In Goa, an NCM was pending before the legislative assembly in February 1991 (Rule 247 of the Goa Legislative Assembly Rules is in pari materia with Lok Sabha Rule 198. The speaker of the assembly felt bound by precedent in giving precedence to the NCM over other motions (At Internal Page 300). In Pondicherry, precedence was given to an NCM over a ‘motion of thanks’ in 1993 (ibid). These instances showcase that even on the level of state legislative assemblies, the role and bindingness of the precedence of NCMs over other substantive motions has been reiterated time and again.
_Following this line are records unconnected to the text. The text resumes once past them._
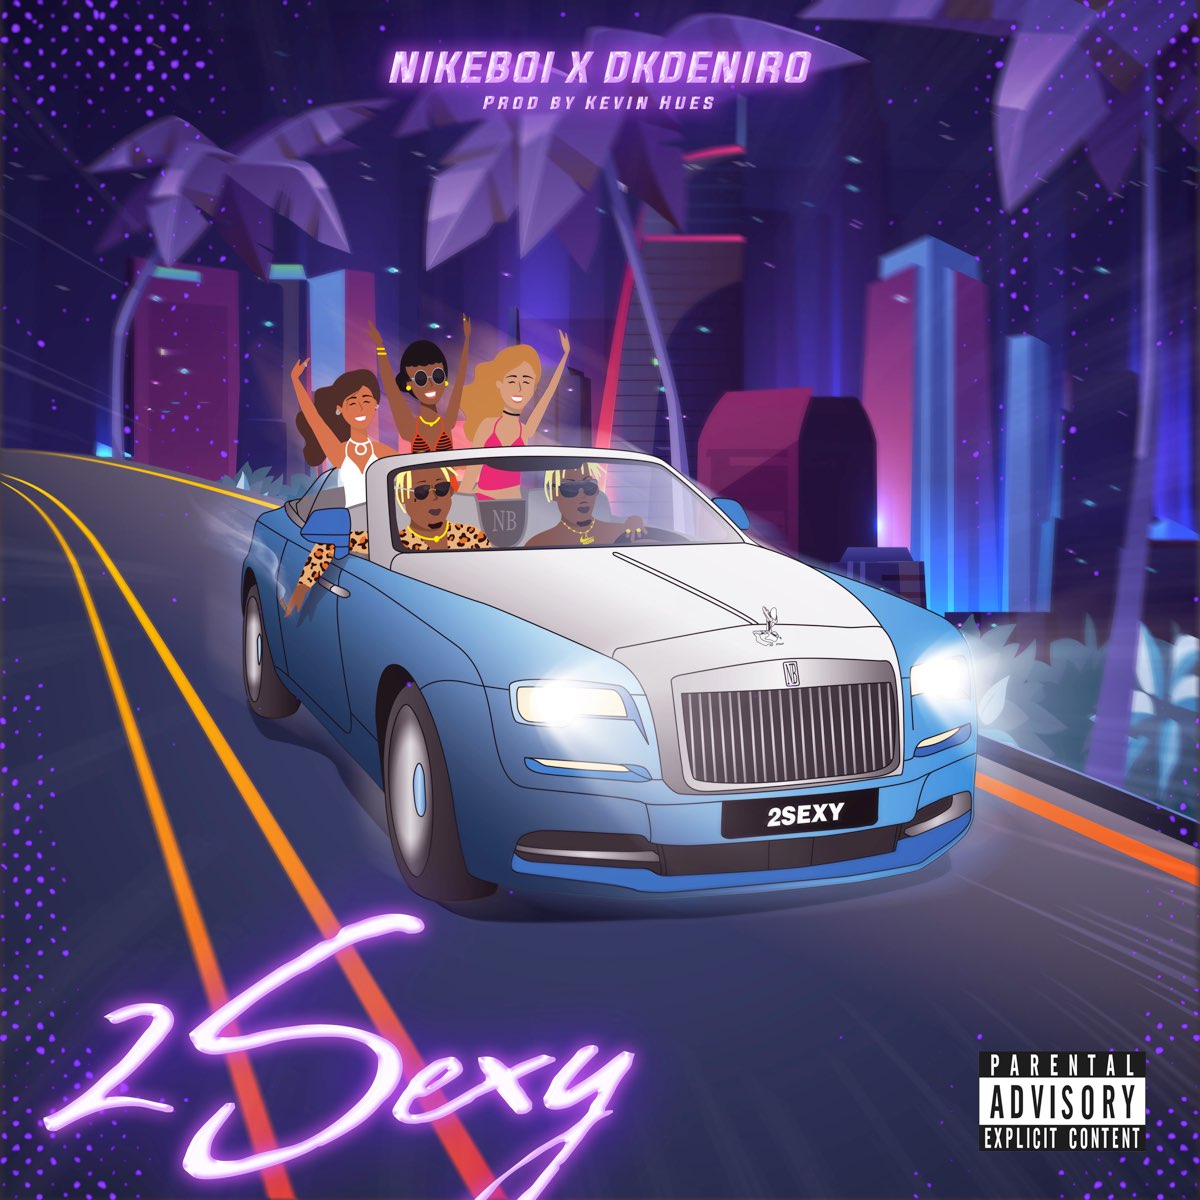 2 Sexy (feat. Dk Deniro) - Single by Nike Boi on Apple Music
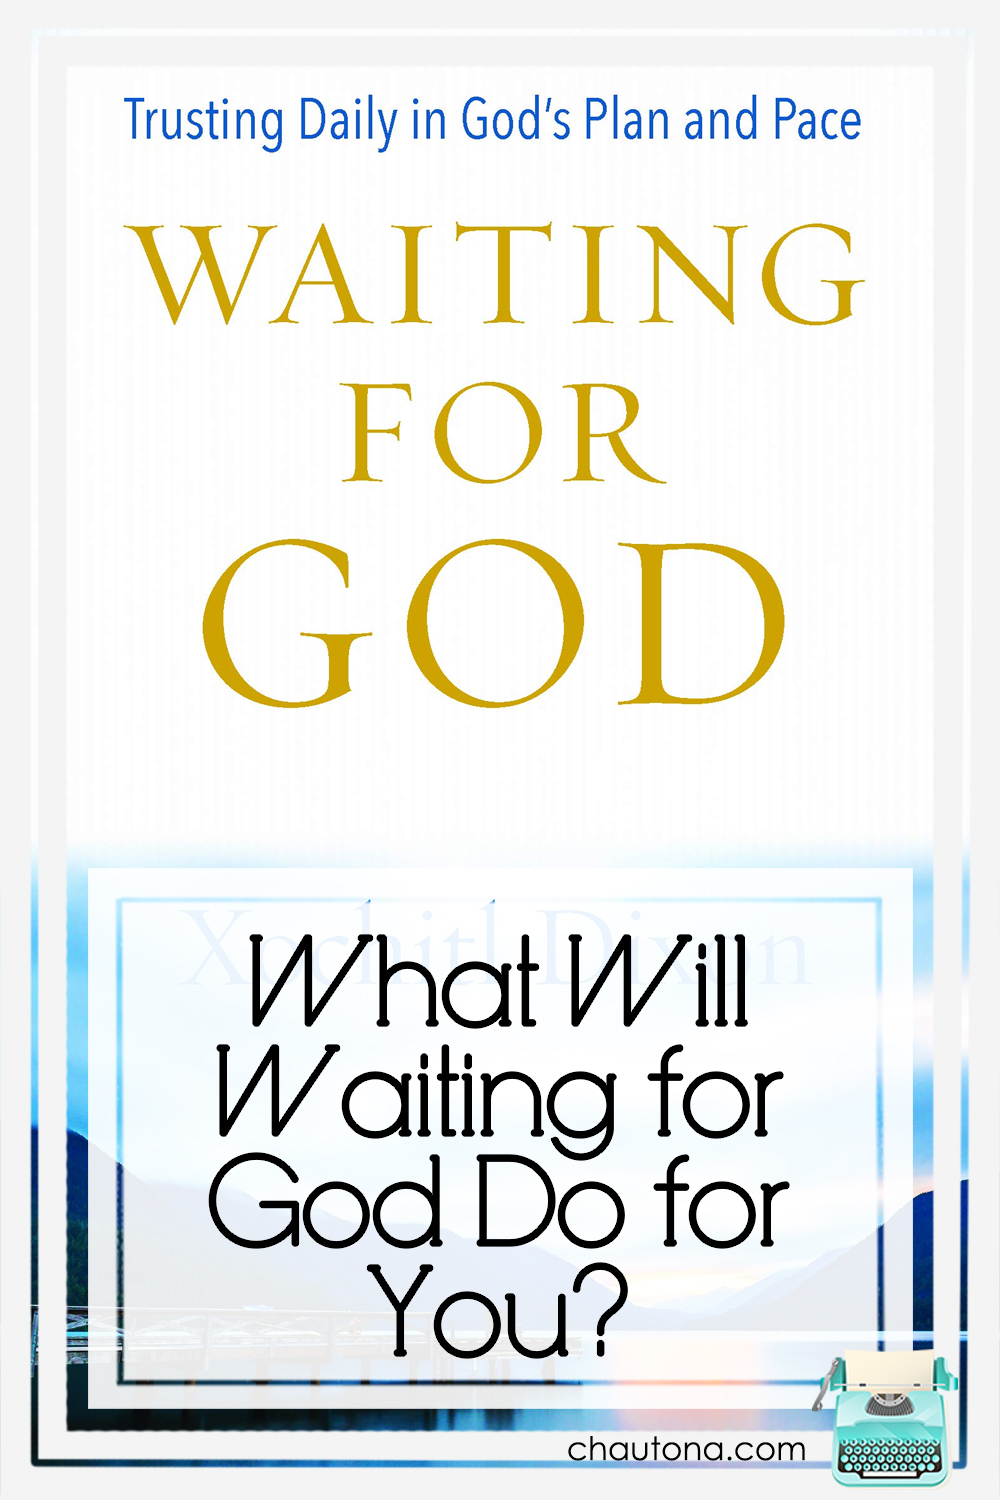 WAiting for God
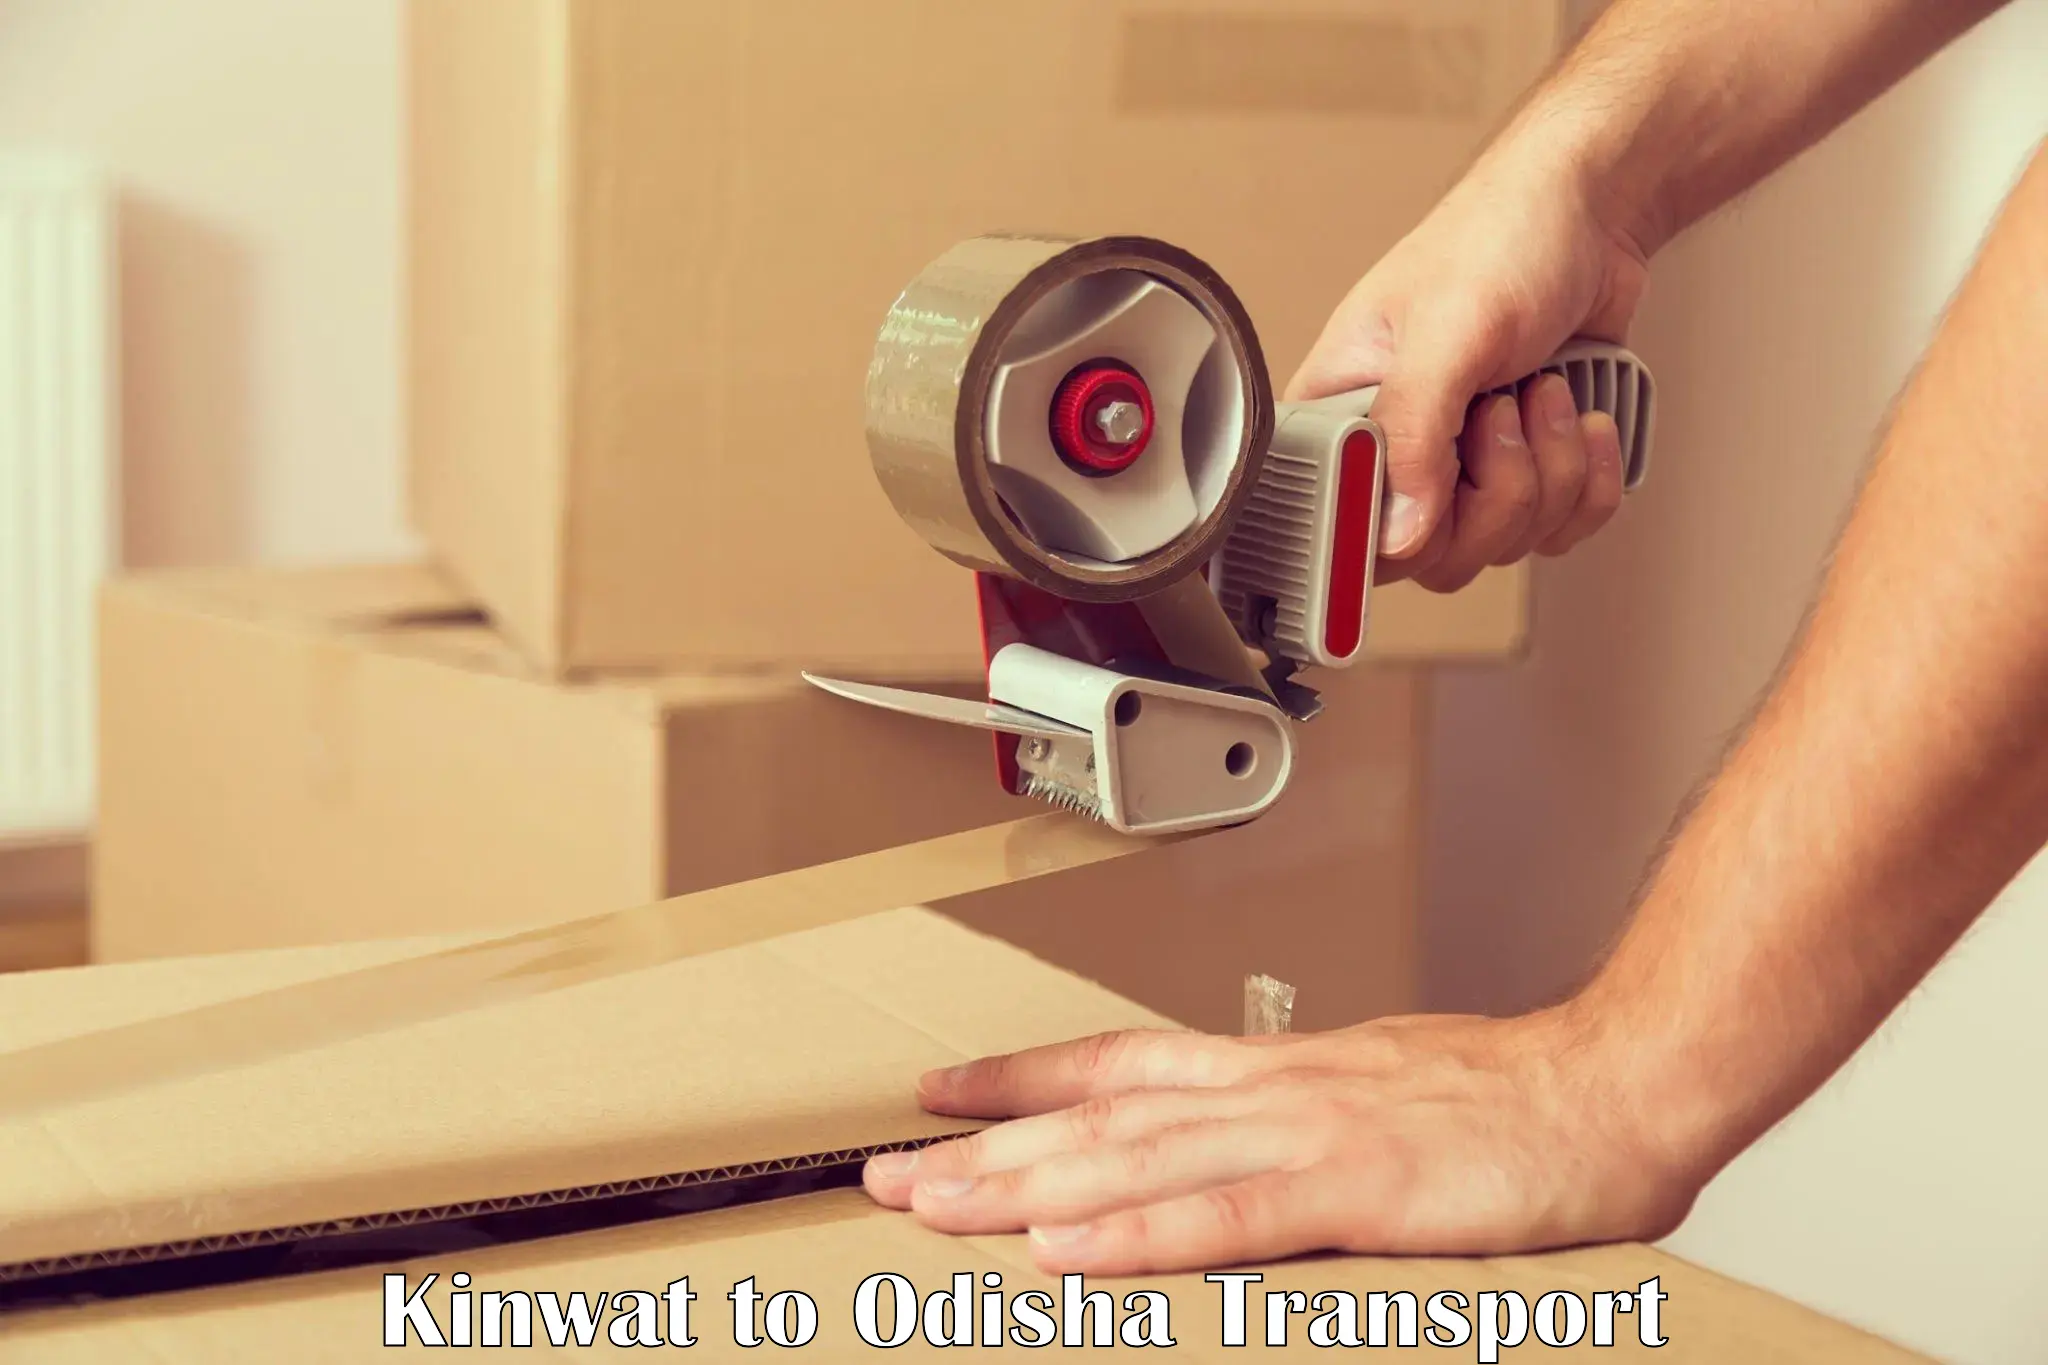 Furniture transport service Kinwat to Kupari

The Parliamentary Convention of ‘Precedence to NCMs’ and Democratic Ideals
As we have discussed earlier, practices within the parliament can only be reviewed judicially if the adherence or non-adherence of a process leads to an illegality. Recall that this threshold can be achieved only if the practice which is not being adhered to is crucial for the sustenance of democracy. In the Indian parliamentary context, if the convention of precedence to NCMs over other substantive motions is not adhered to, various ramifications may ensue. It is the government which gets substantial time for business in the parliament, and this privilege sets the scope for much of the debate and discussion in the nation’s representative body. This privilege may be exercised by an executive which stonewalls a discussion and vote on their ability to showcase the trust of the people’s representatives. Further, the power to promulgate ordinances effectively rests in the hand of the union council of ministers. Lastly, a council of ministers that has not faced a trust vote continuing to propose and pass laws is undemocratic and runs counter to the principles of collective responsibility and parliamentary democracy. In this backdrop, I submit that the state of affairs where long-stablished parliamentary conventions are ignored, is not one of procedural irregularity, but of illegality. This is an illegality that can be taken cognisance of in constitutional terms, and should be remedied.